Now, let's see how we can use a hash map to solve this problem.

```
class Solution3 {
public boolean containsDuplicate(int[] nums) {
Map<Integer, Integer> map = new HashMap<>();
for (var num : nums) {
var count = map.getOrDefault(num, 0);
map.put(num, ++count);
}
for (var entry : map.entrySet()) {
if (entry.getValue() > 1) {
return true;
}
}
return false;
}
}
```

This code uses a HashMap to store the count of each element in the input array nums. For each element, the map.getOrDefault(num, 0) method is used to retrieve the count of that element from the map. If the element is not in the map, it returns 0. The map.put(num, ++count) method is then used to increment the count of that element in the map. After iterating through the entire array, the code then iterates through the entries in the map and checks if any of the counts are greater than 1. If it finds an element with a count greater than 1, it returns true, indicating that the array contains duplicates. If it finishes iterating through the map without finding any duplicates, it returns false.

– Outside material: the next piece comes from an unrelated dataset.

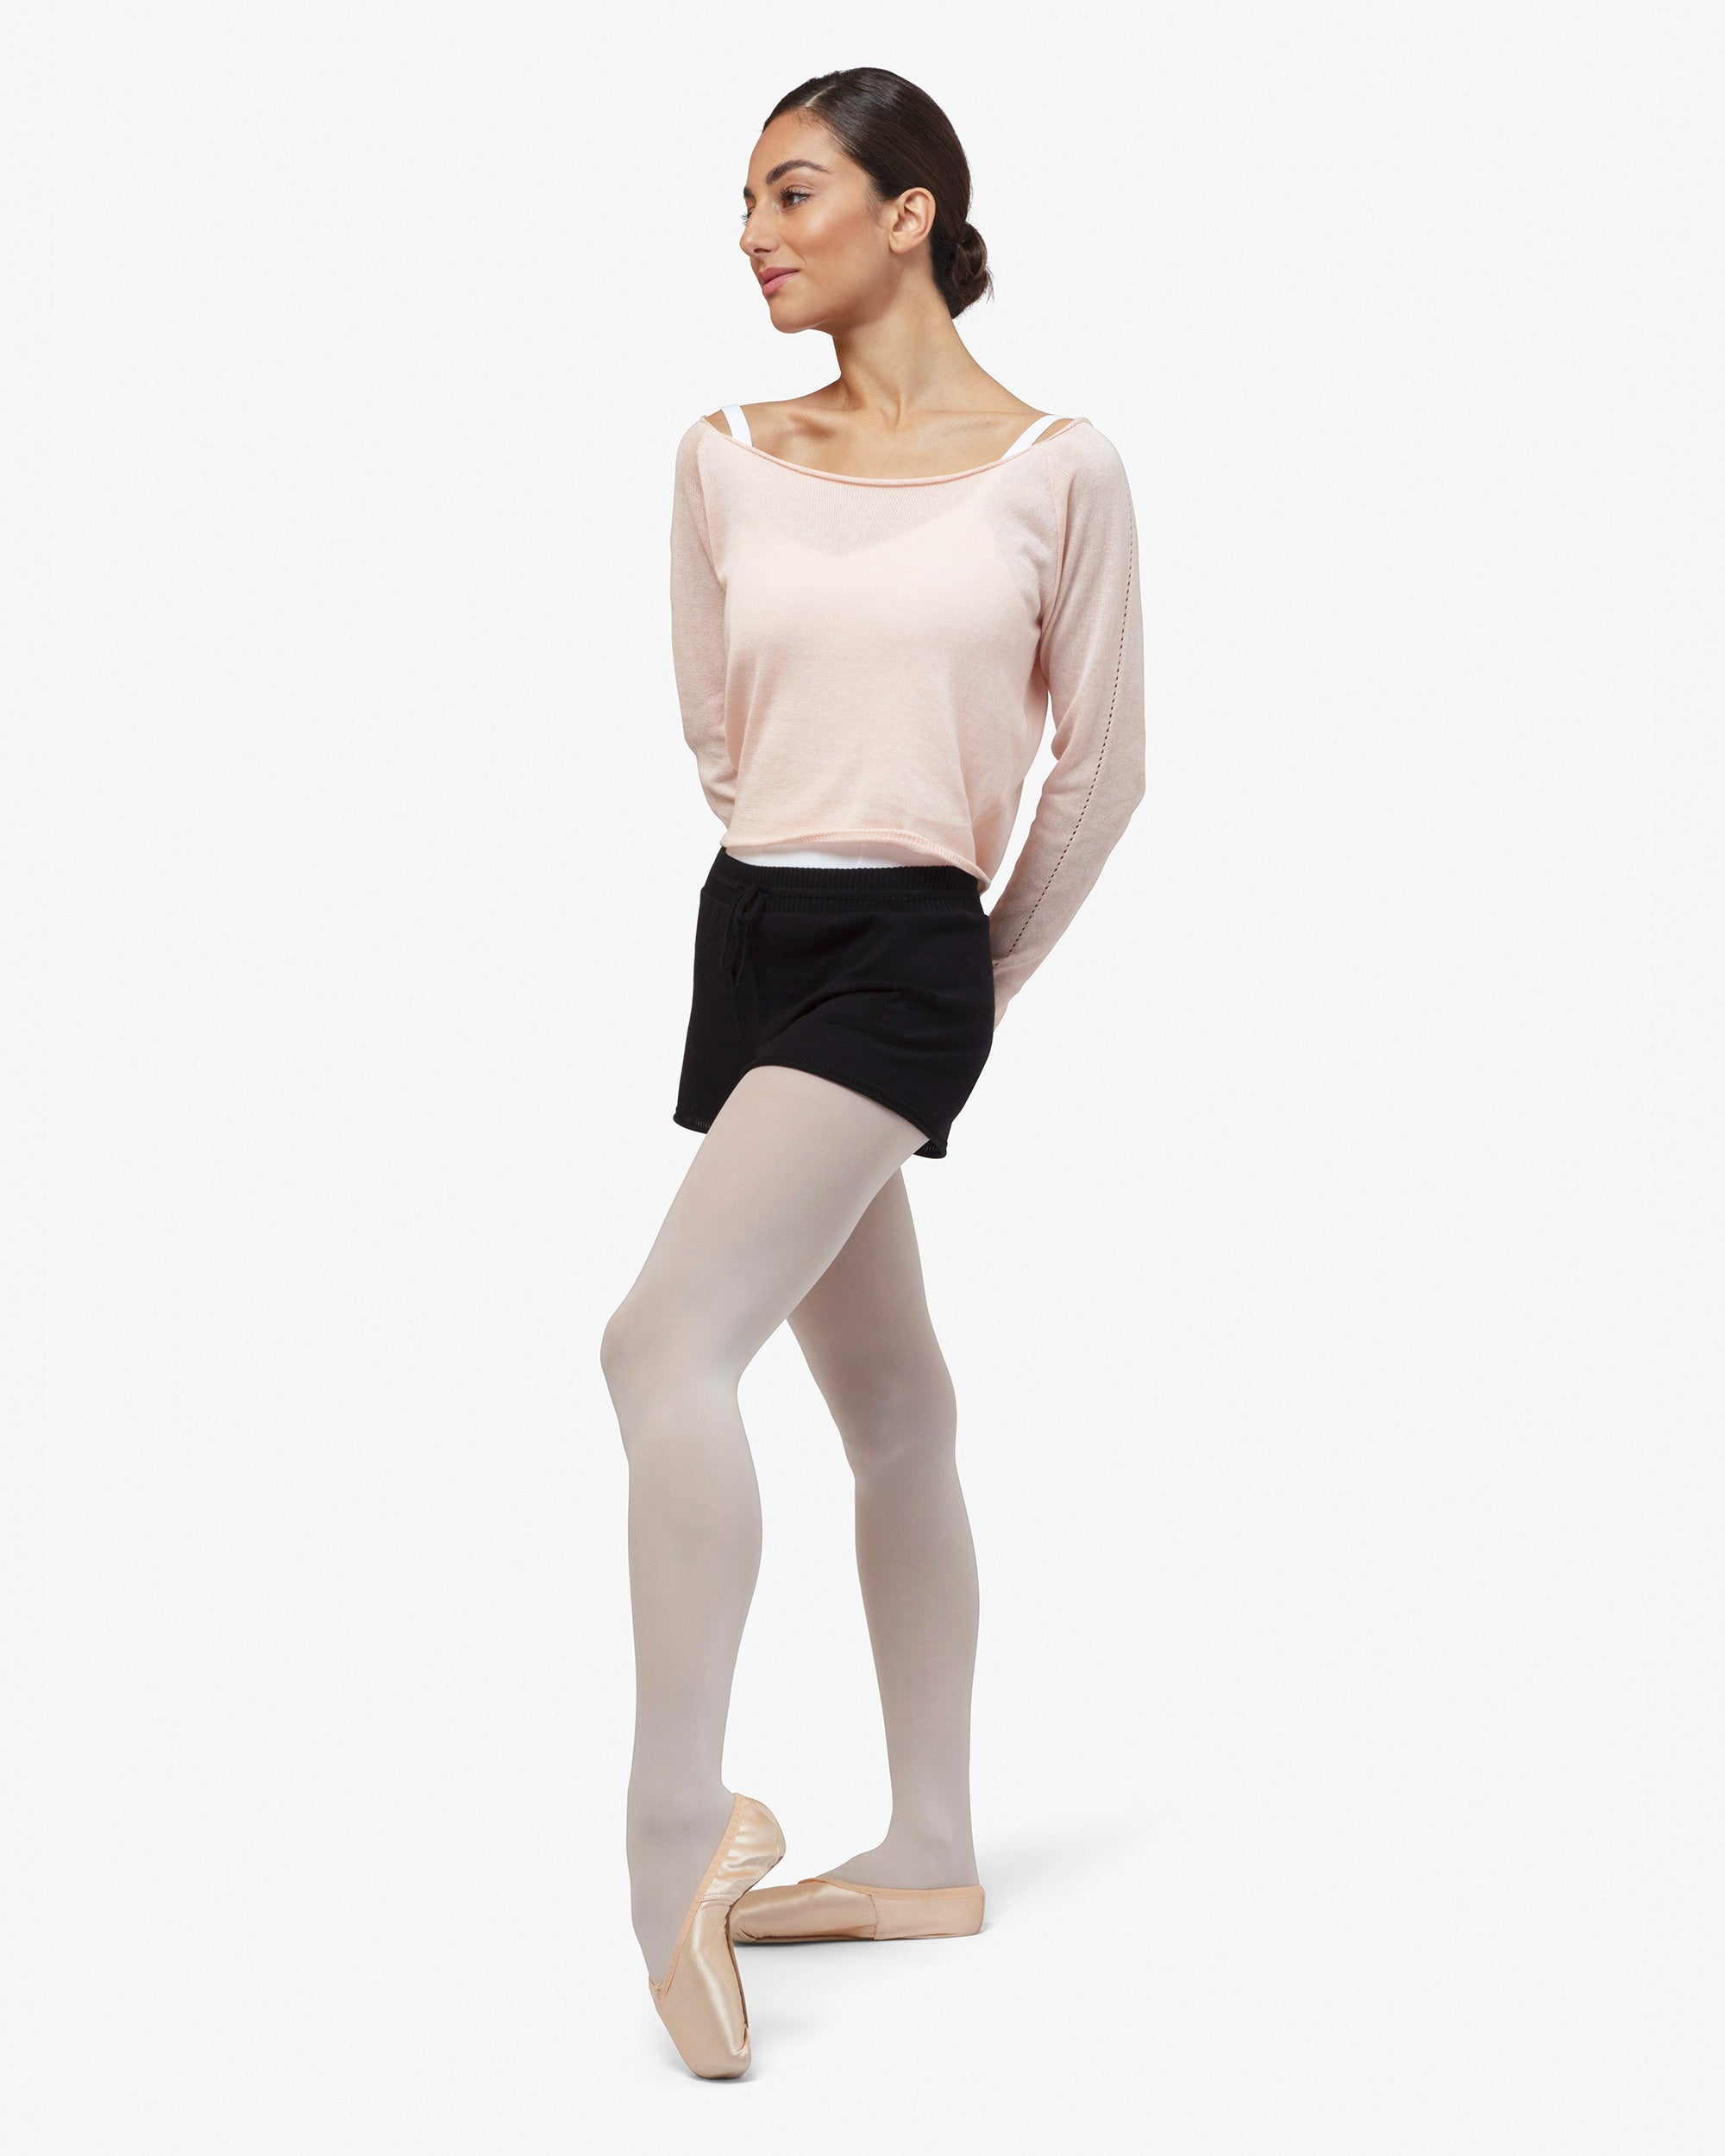 Balletwear Warm-Up Pants, Tops, Shorts, Sweater Tights

This approach has a time complexity of O(n) because it only processes each element in the array once, and a space complexity of O(n) because it stores the count of each element in a map, which can have a maximum size of n.

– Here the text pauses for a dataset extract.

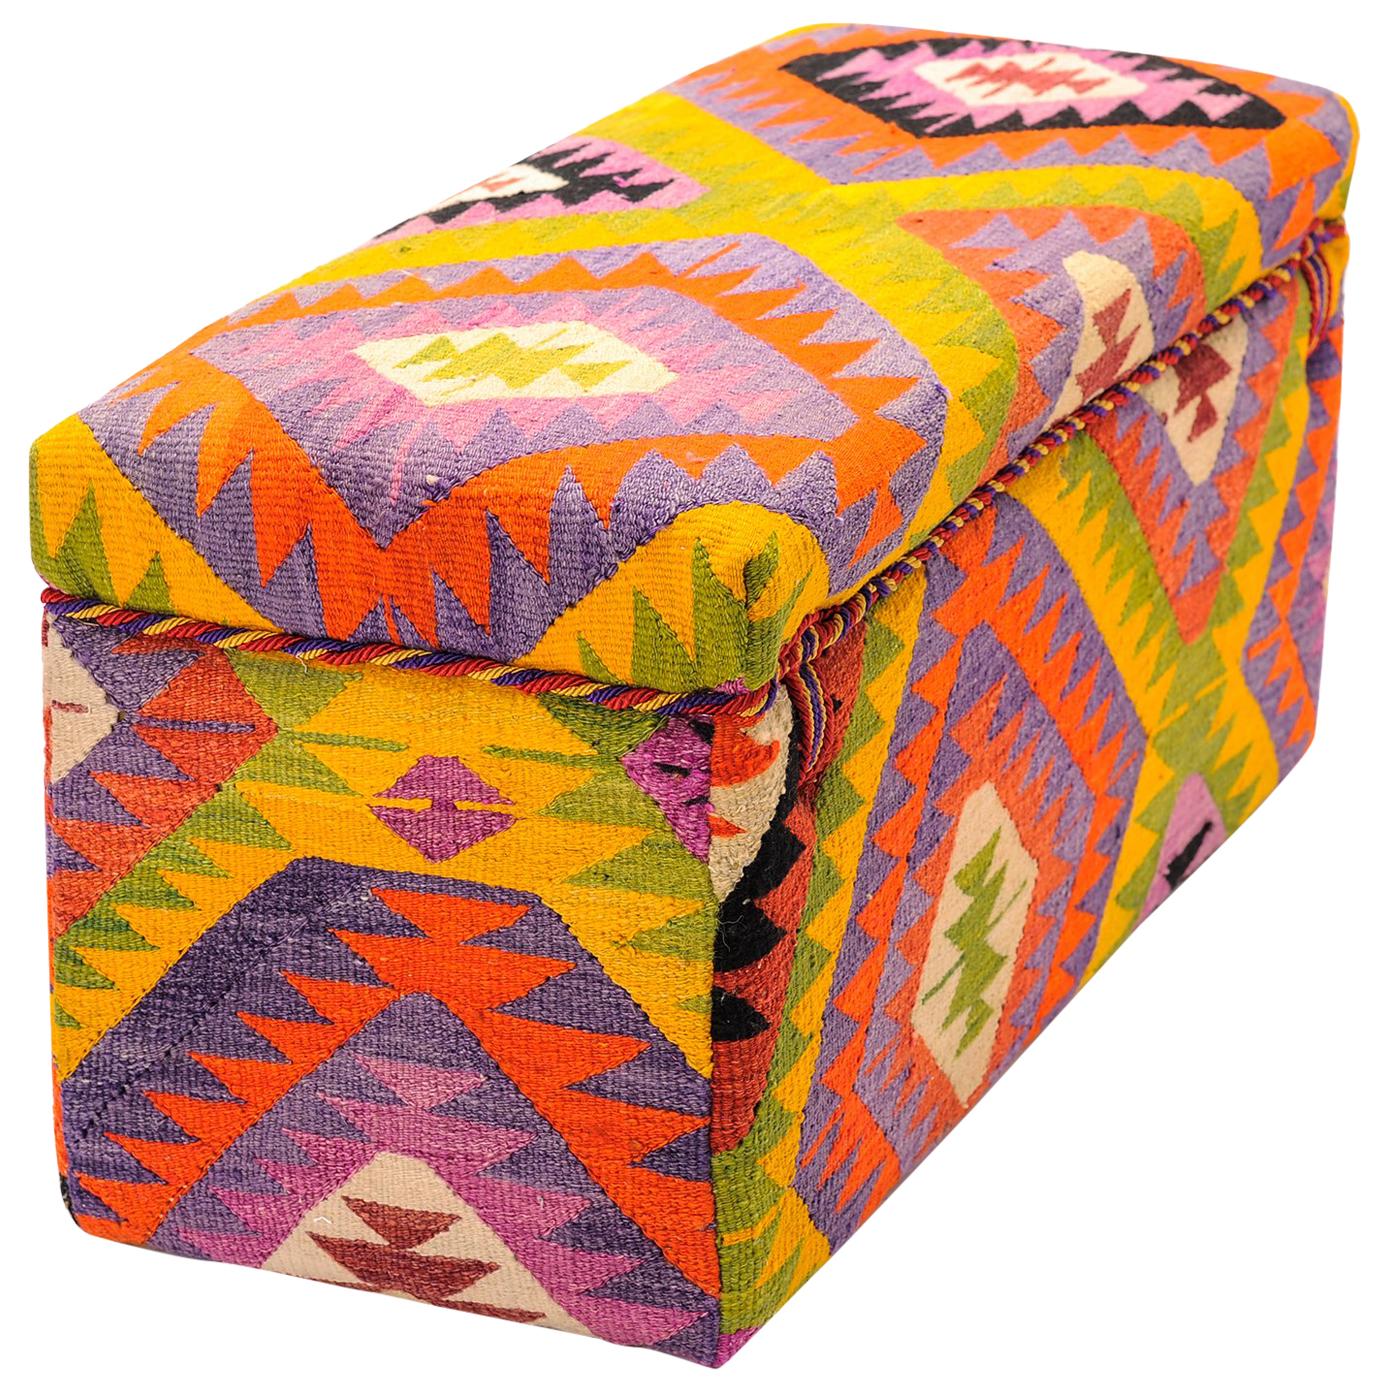 Kilim Upholstered Bench or Pouf with Modern Taste

### Solution3 - Using sorting

Let's see how we can use sorting to solve this problem.

```
class Solution3 {
public boolean containsDuplicate(int[] nums) {
Arrays.sort(nums);
for (var i = 0; i < nums.length - 1; i++) {
if (nums[i] == nums[i + 1]) {
return true;
}
}
return false;
}
}
```

Here, the Arrays.sort() method to sort the input array nums. Then, it iterates over the array and compares each element with its next element. If there are any equal elements, the method returns true, indicating that the array contains duplicates. If the loop finishes without finding any duplicates, the method returns false. This approach has a time complexity of O(n log n) due to the sorting, but it has a space complexity of O(1) as the sorting is performed in-place and no additional data structures are used.

### Solution4 - Using hash set

Let's see first how we can use a hash set to solve this problem.

```
class Solution4 {
public boolean containsDuplicate(int[] nums) {
var sets = new HashSet<>(nums.length);
for (var num : nums) {
if (sets.contains(num)) {
return true;
}
sets.add(num);
}
return false;
}
}
```

In this code, a HashSet named set is created. Then, the input array nums is iterated, and for each element, the set.contains(x) method is called to check if the element is already in the set. If it is, the method returns true, indicating that the array contains duplicates. If the loop finishes without finding any duplicates, the method returns false.

This approach has a space complexity of O(1) because the size of the HashSet is limited to the length of the input array, and a time complexity of O(n) because each element is only processed once during the loop.

## Conclusion

As you can see, there are many ways to solve this problem. But, the best solution is by using a hash set to solve this problem depending on the problem statement and constraints.